Questa colorazione misteriosa a volte mi spaventa, perché mi dà la sensazione di essere completamente esposta, a volte mi conforta e mi stringe il cuore. ¹

L’acqua scrosciante era un rumore puro, capace d’inghiottire tutto il resto, se ci si concentrava solo su di esso. A Dean piaceva cantare, era una di quelle persone che facevano un gran casino sotto la doccia. Ma non aveva più voce. E l’acqua sapeva essere snervante, invitava alla riflessione e all’introspezione, e lui non era proprio il tipo. Non perché fosse superficiale, come preferiva lasciar credere alla maggior parte delle persone, ma perché se avesse iniziato ad esaminarsi, avrebbe cominciato ad urlare e sarebbe fuggito via in lacrime; aveva già visto troppa merda in vita sua. E non si può scappare da se stessi.
In quel momento, Dean seppe che, se fosse rimasto sotto la doccia un momento di più, sarebbe impazzito. Si legò un asciugamano attorno ai fianchi, asciugandosi sommariamente con un altro, e tornò in camera. Si bloccò poco oltre la porta, quando il suo sguardo cadde su una figura in trench seduta ai piedi del suo letto, con le spalle abbassate in una curva così profonda da avere un autentico sapore di sconfitta. Cristo, non si era mosso di un millimetro da quando l’aveva lasciato, realizzò osservando il suo angelo. Quasi non sembrava più Castiel.
Questi alzò appena il capo per rivolgere nella sua direzione - o meglio, in quella dei rumori che aveva prodotto - uno sguardo opaco e vacuo. Per Dean fu l’ennesima sprangata allo stomaco. Non sarebbe mai riuscito ad abituarsi.

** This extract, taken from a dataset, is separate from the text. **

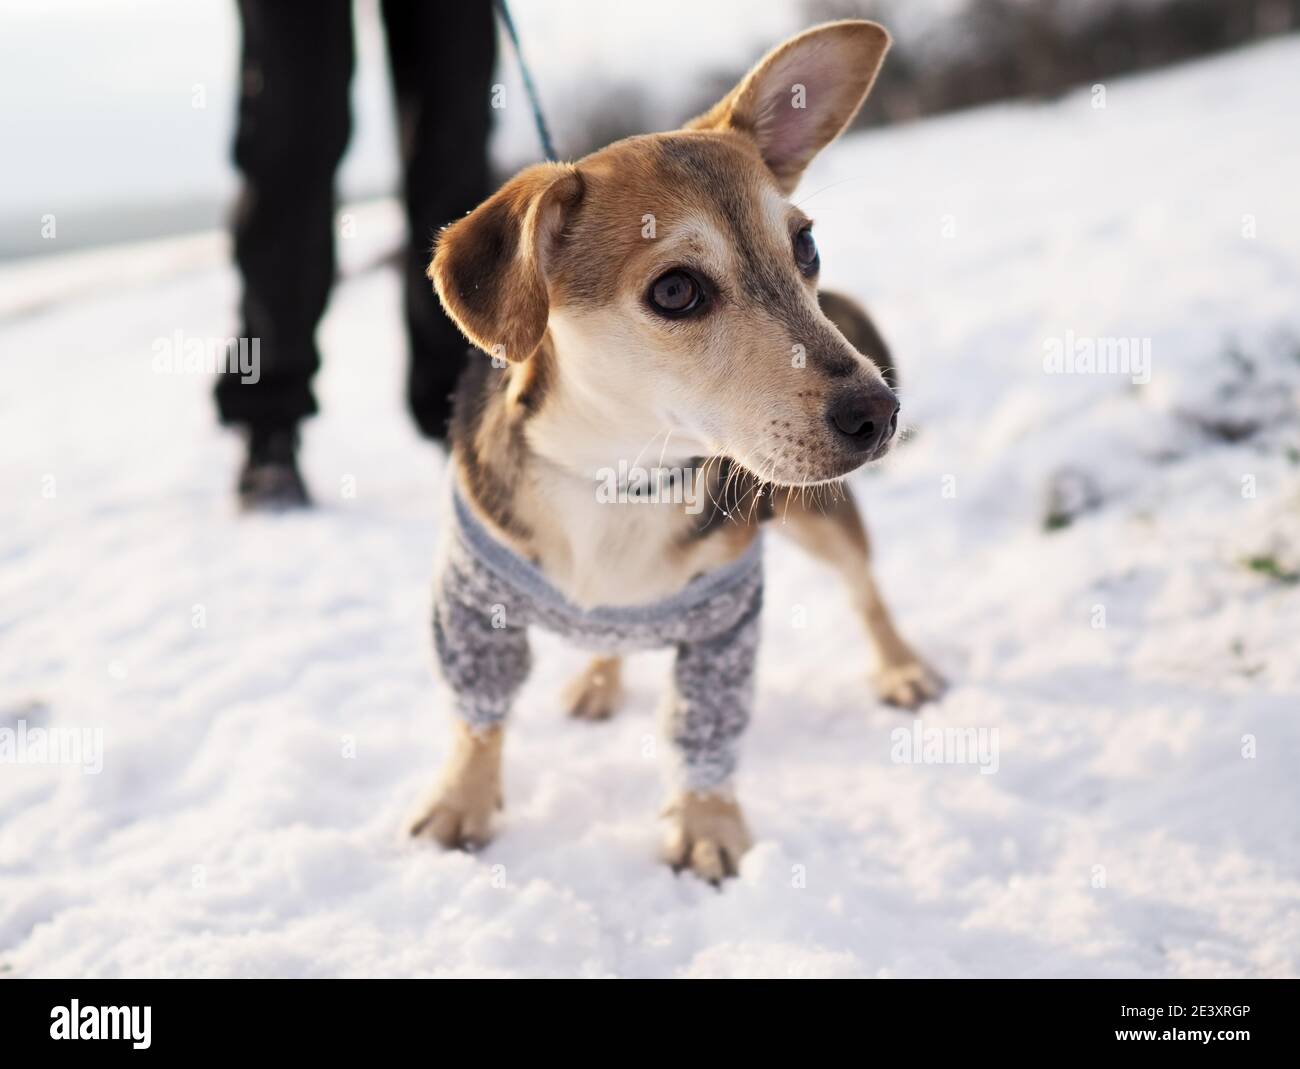 promenez-vous dans la neige en hiver avec le petit chien dans des vêtements en laine Banque D'Images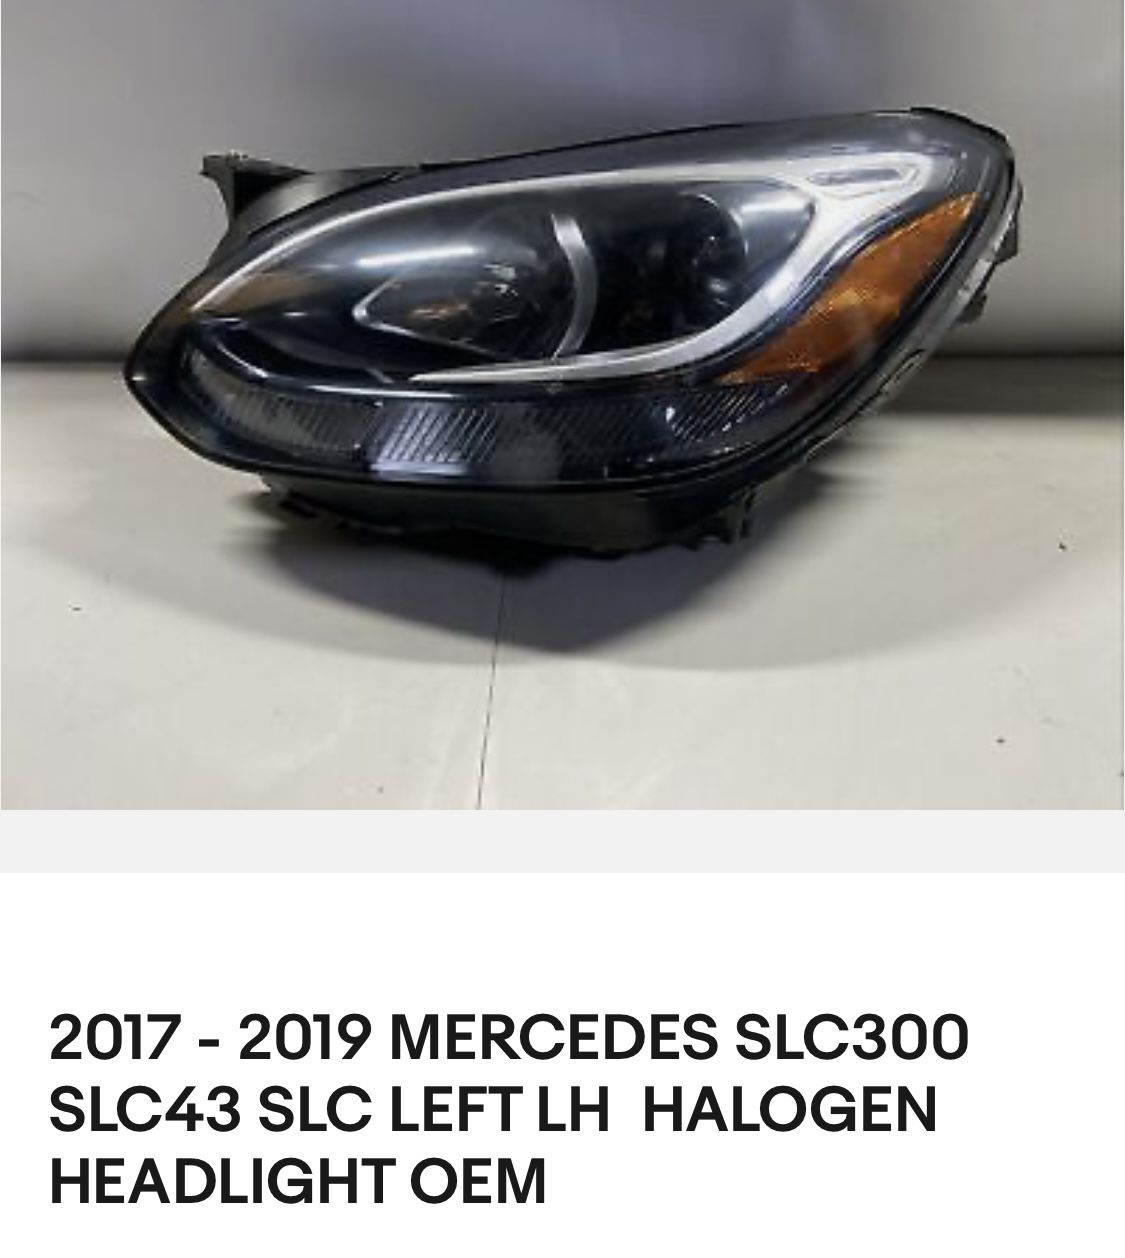 Used Mercedes Headlights

Non poter parlare era seccante, osservare Sam sordo era quasi comico, ma Castiel cieco era una vista che spezzava il cuore. Era sempre stato un tipo molto laconico, parlava più con gli occhi che con la bocca, e ora che qualcuno li aveva spenti, sembrava avergli portato via l’unico mezzo che possedeva per interagire con gli altri. Certo, poteva ancora parlare - per fortuna, o non avrebbero potuto usare il telefono e sarebbero rimasti isolati - ma per lui non doveva essere affatto facile esprimersi in una lingua che in fin dei conti non gli apparteneva, in un mondo che ancora non capiva del tutto.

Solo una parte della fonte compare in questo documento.